Я засмеялся:
— Я и не отказываюсь от своих слов. Но было бы неправильно позволять ворюгам безнаказанно шарить в квартирах наших музыкальных гениев.
— Понятно. А в квартире обыкновенного инженера можно?
Я с интересом взглянул на нее, потом сказал:
— Эх, Леночка, мне бы вашу беспечность. От нее независимая смелость ваших суждений.
— Подобный выпад нельзя рассматривать как серьезный аргумент в споре, — спокойно сказала Лаврова.
— Это верно, нельзя. Скажите, вам никогда не приходило в голову, что наша работа в чем-то похожа на шахматную игру?
— А что?
— А то, что нельзя играть в шахматы, видя перед собой только следующий ход. В шахматах побеждает тот, кто может намного вперед продумать свои ходы и их железной логикой навязать противнику удобную для себя контригру, чтобы она ложилась в рамки продуманной тобой комбинации…

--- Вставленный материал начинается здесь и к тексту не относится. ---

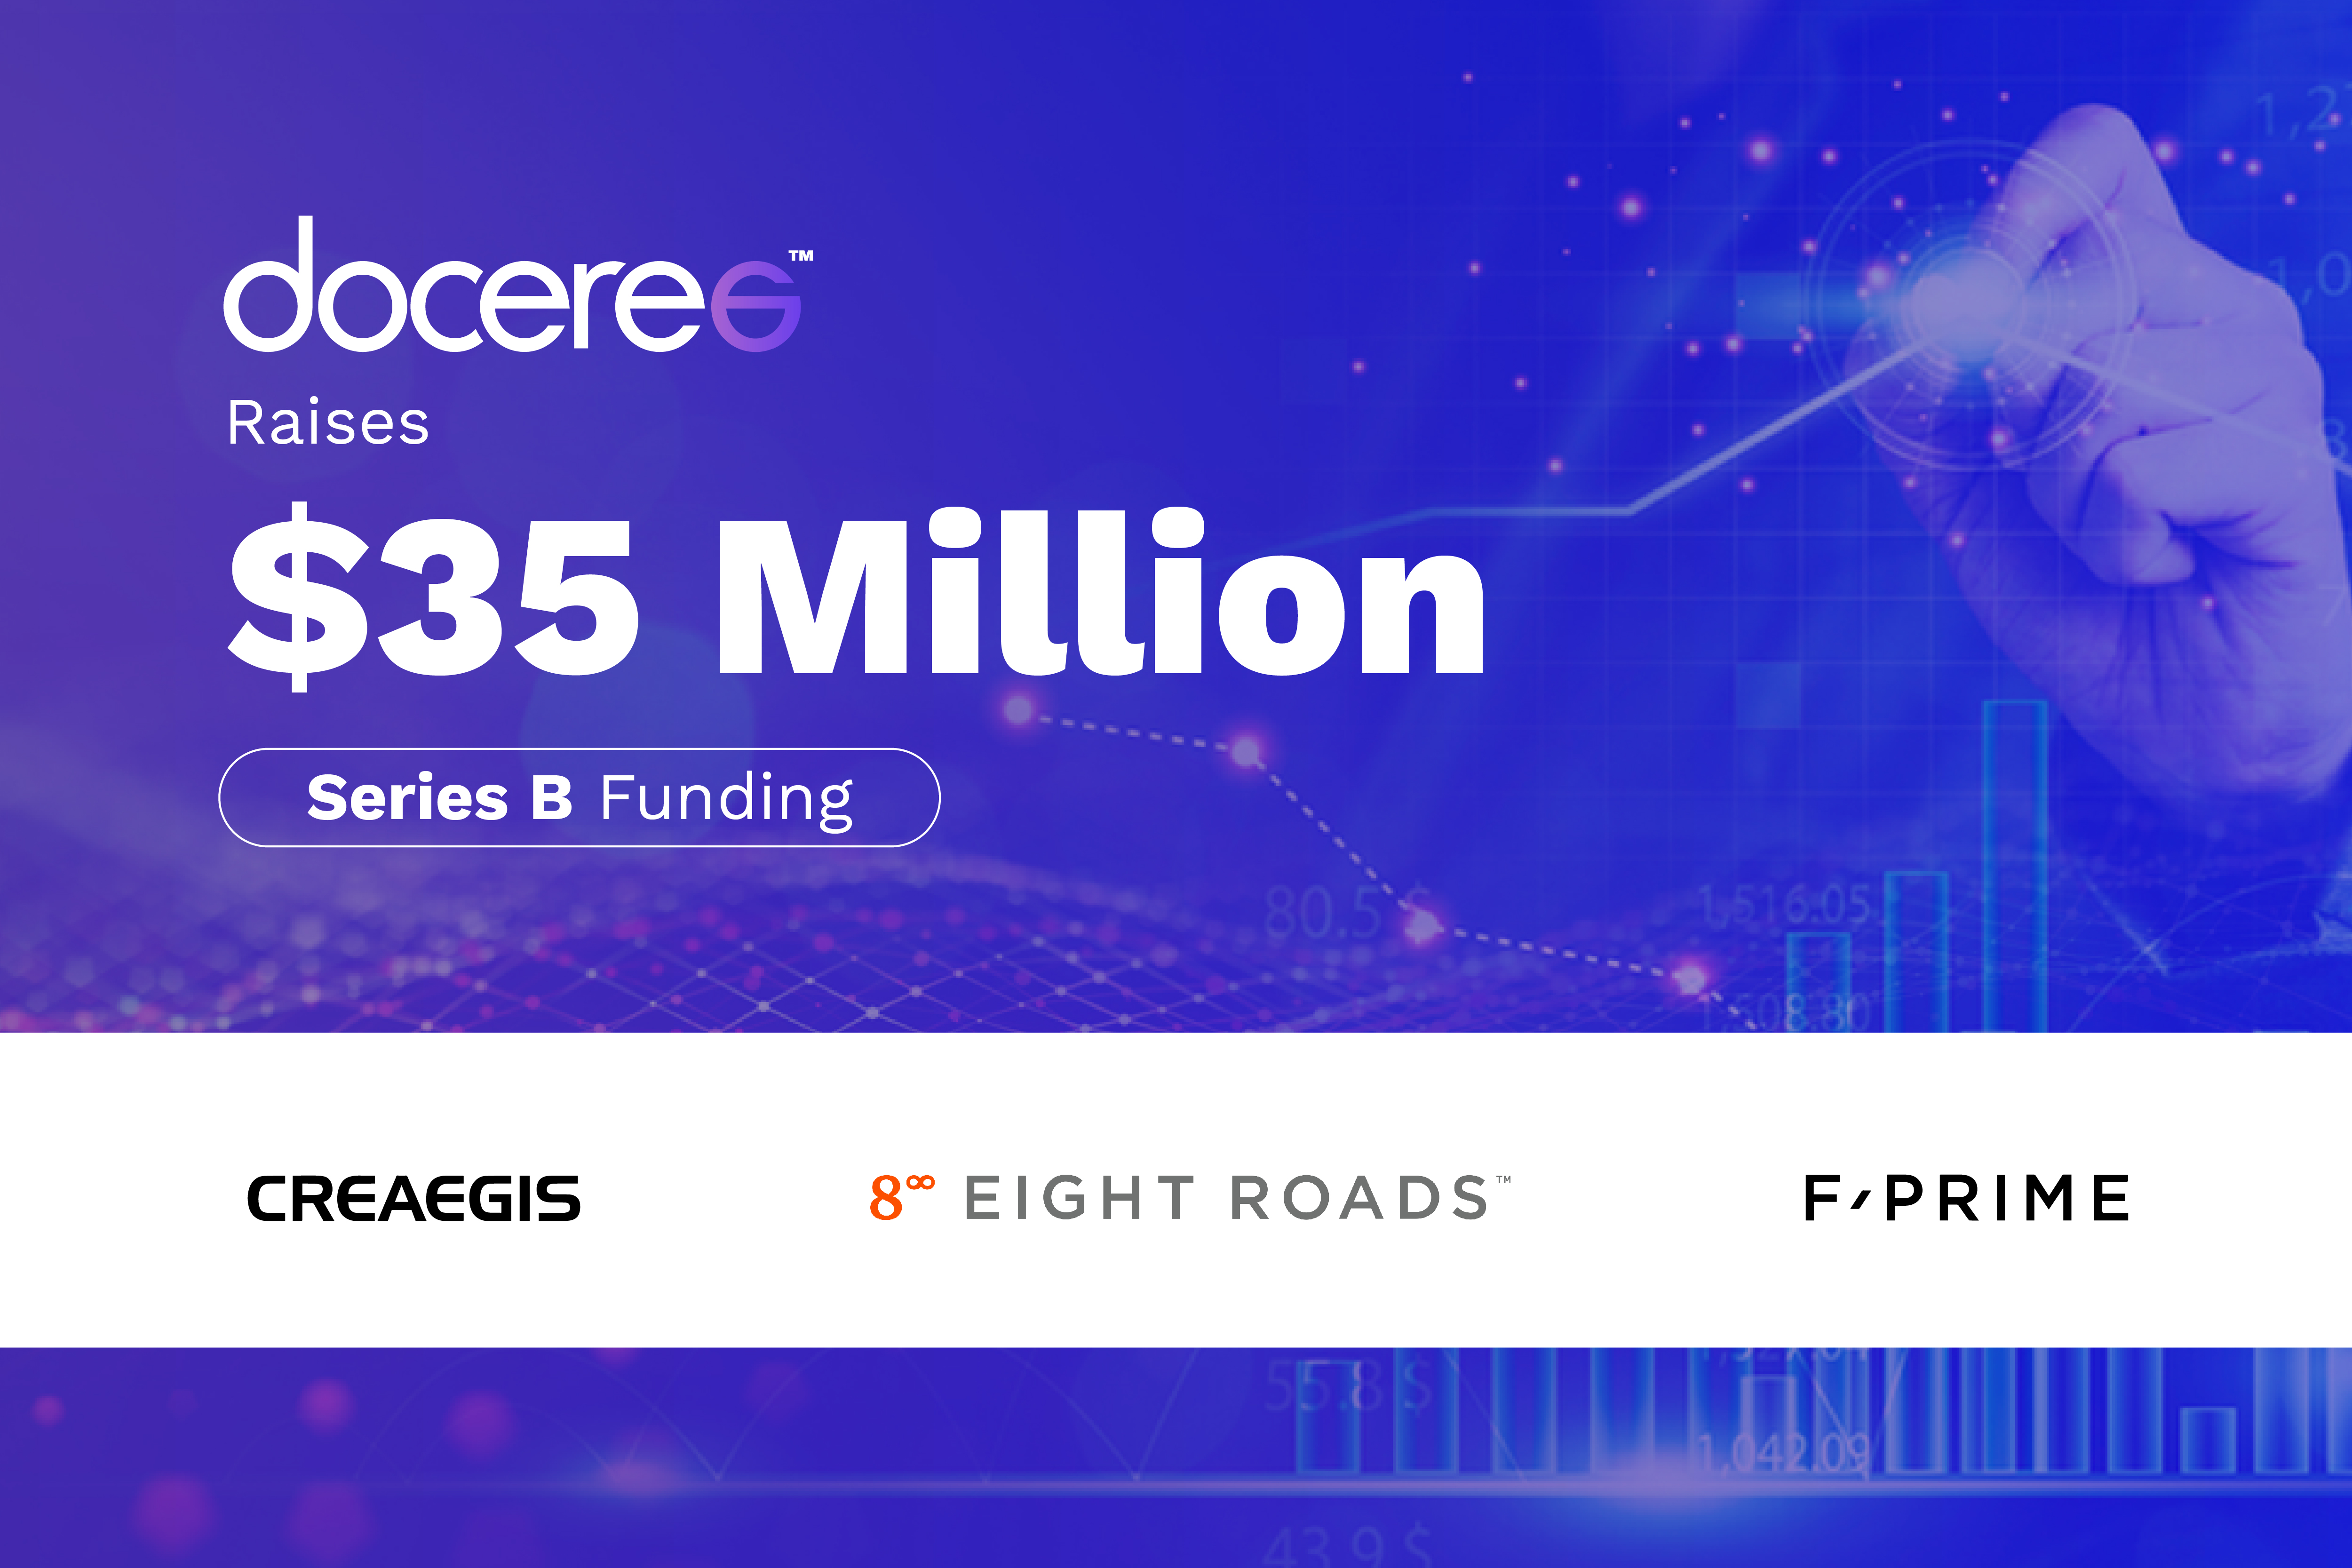 Physician engagement startup Doceree raises $35 million led by Creaegis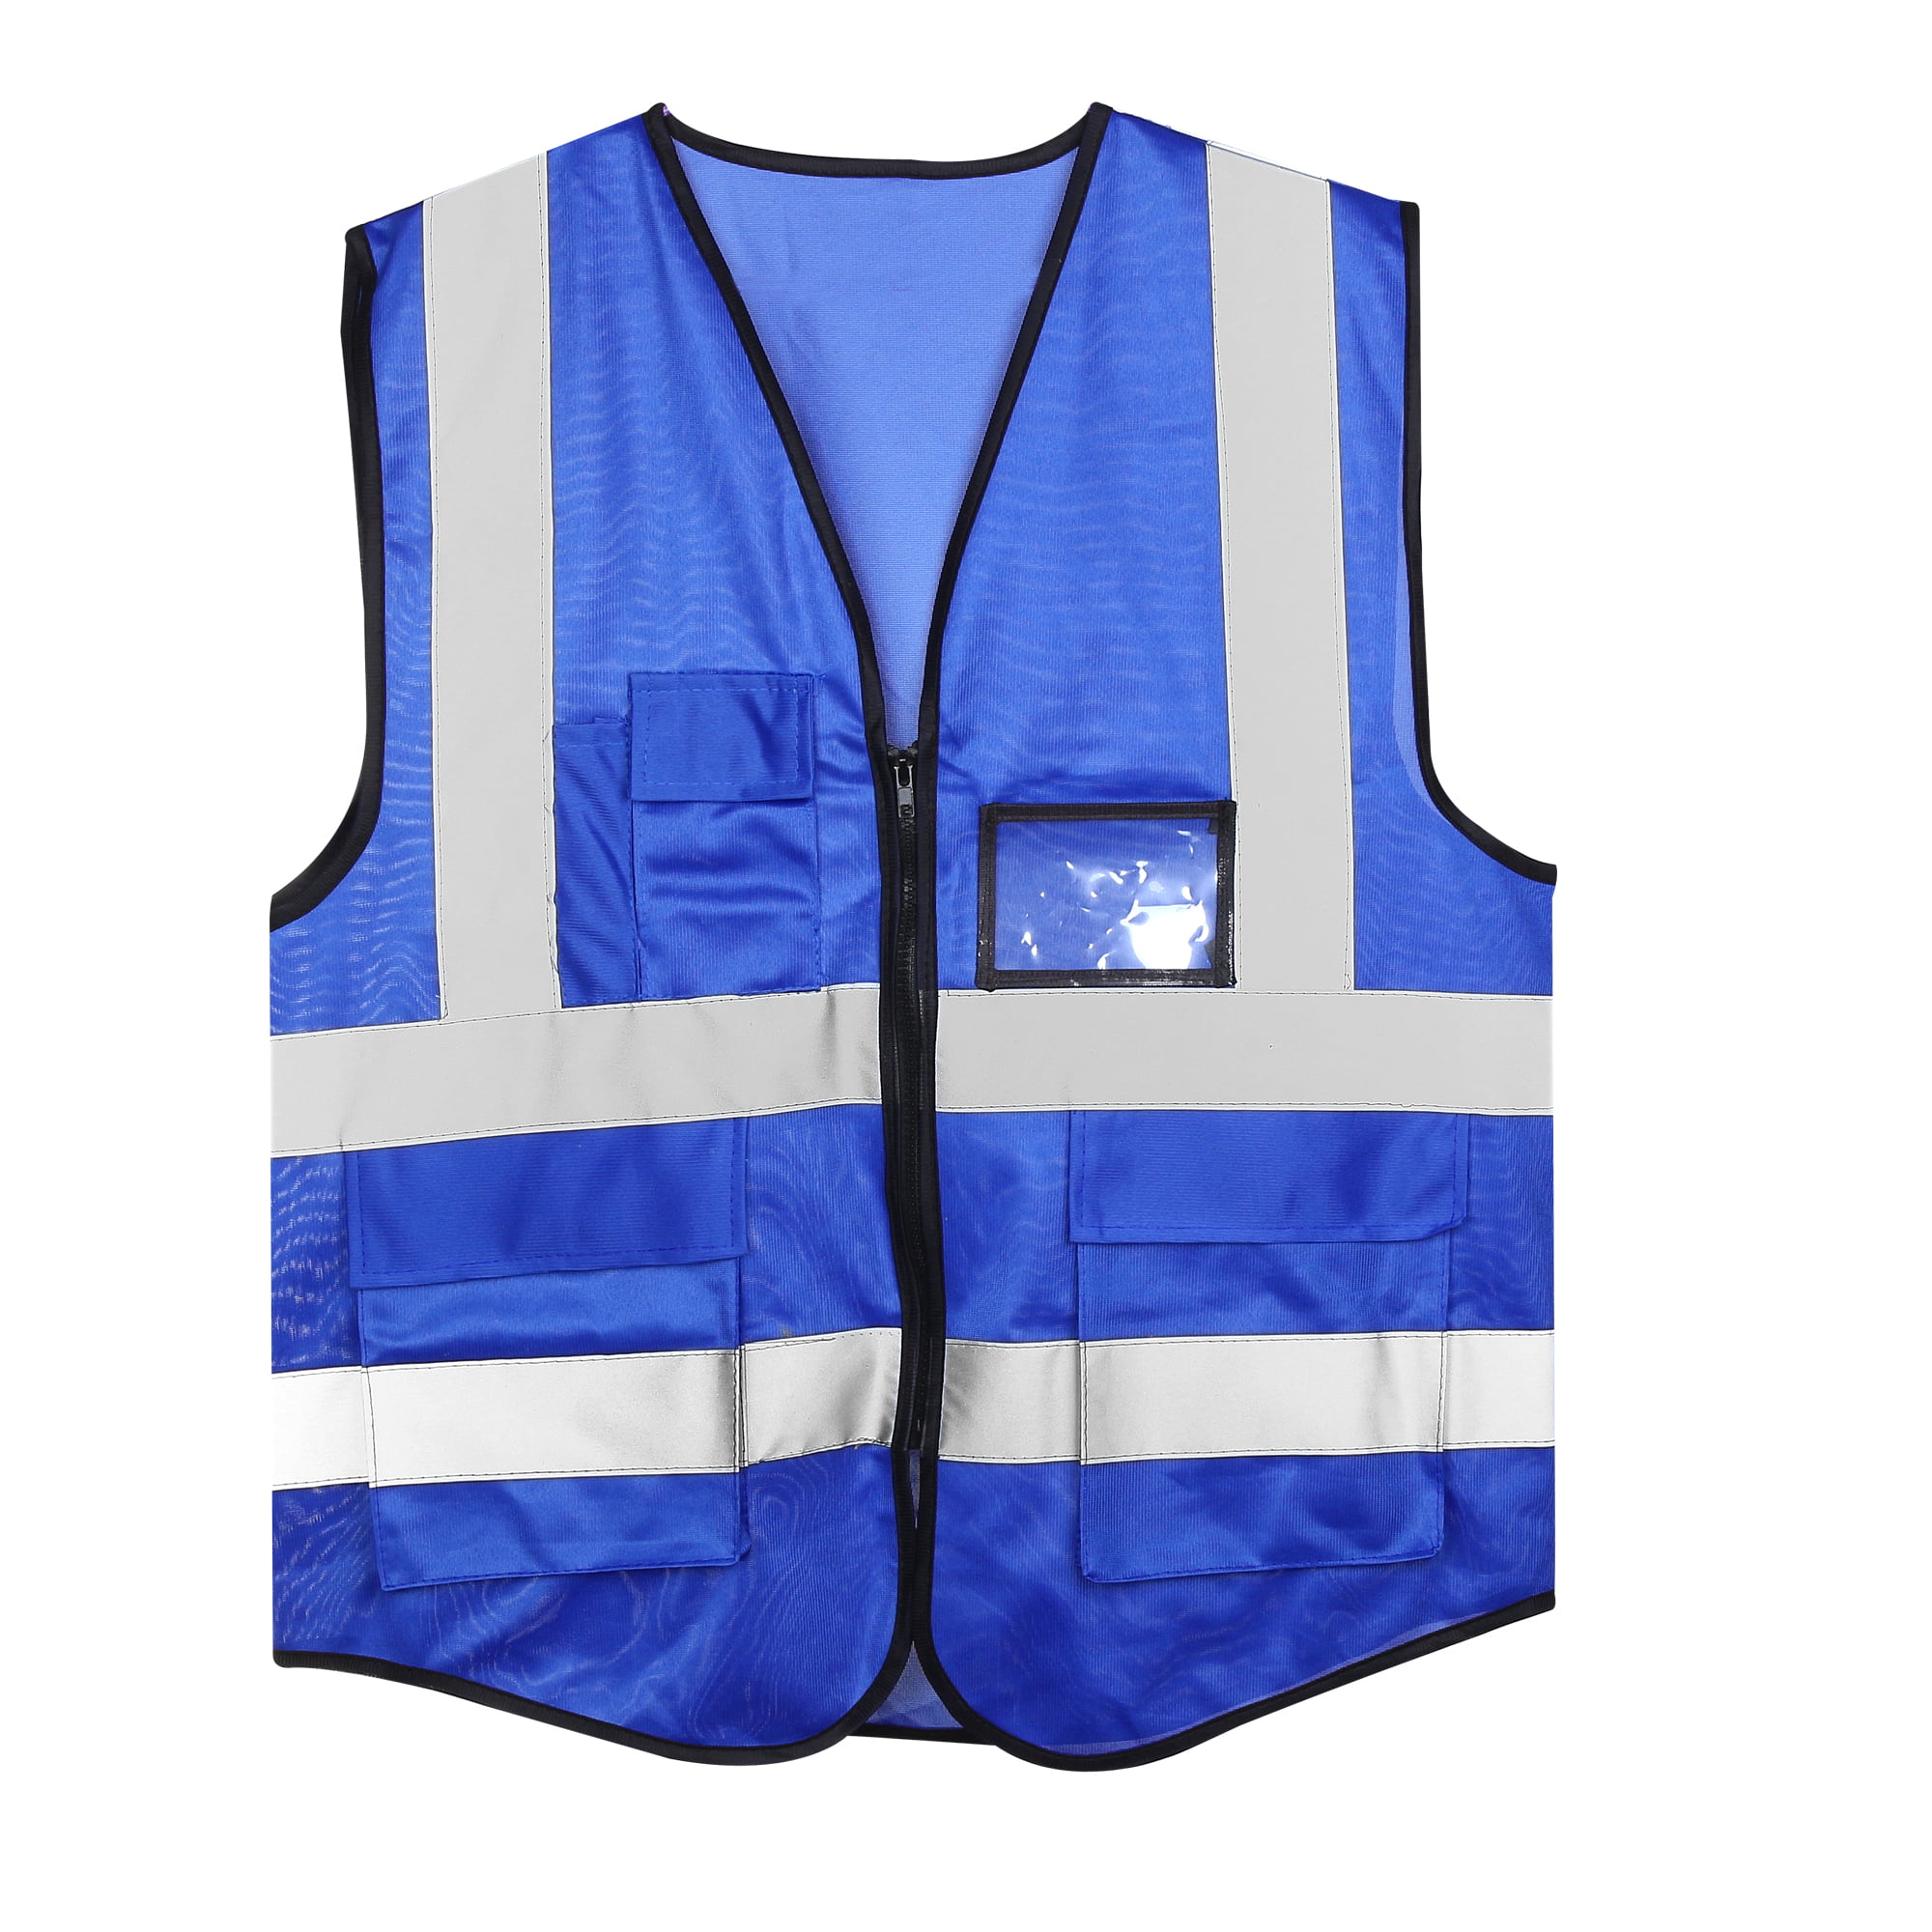 Adjustable Safety Vest Reflective Jacket Security Waistcoat Construction Traffic

— Какой же вы продумали ход?
— К сожалению, в наших партиях противник всегда играет белыми — первый ход за ним. Причем вопреки правилам ему удается сделать сразу несколько.
— Ну, е2-е4 он сделал. Какова связь с нашим спором, не понимаю?
Я задумался, потом спросил:
— Не понимаете? Сейчас приедет хозяин квартиры — народный артист СССР, лауреат всех существующих премий, профессор консерватории Лев Осипович Поляков. Он, как вам это известно, гениальный скрипач. Теперь он еще называется «потерпевшим». И подаст нам заявление, которое станет документом под названием лист дела номер два. Вот тут мы с вами можем узнать, что есть еще один потерпевший… Этого я боюсь больше всего…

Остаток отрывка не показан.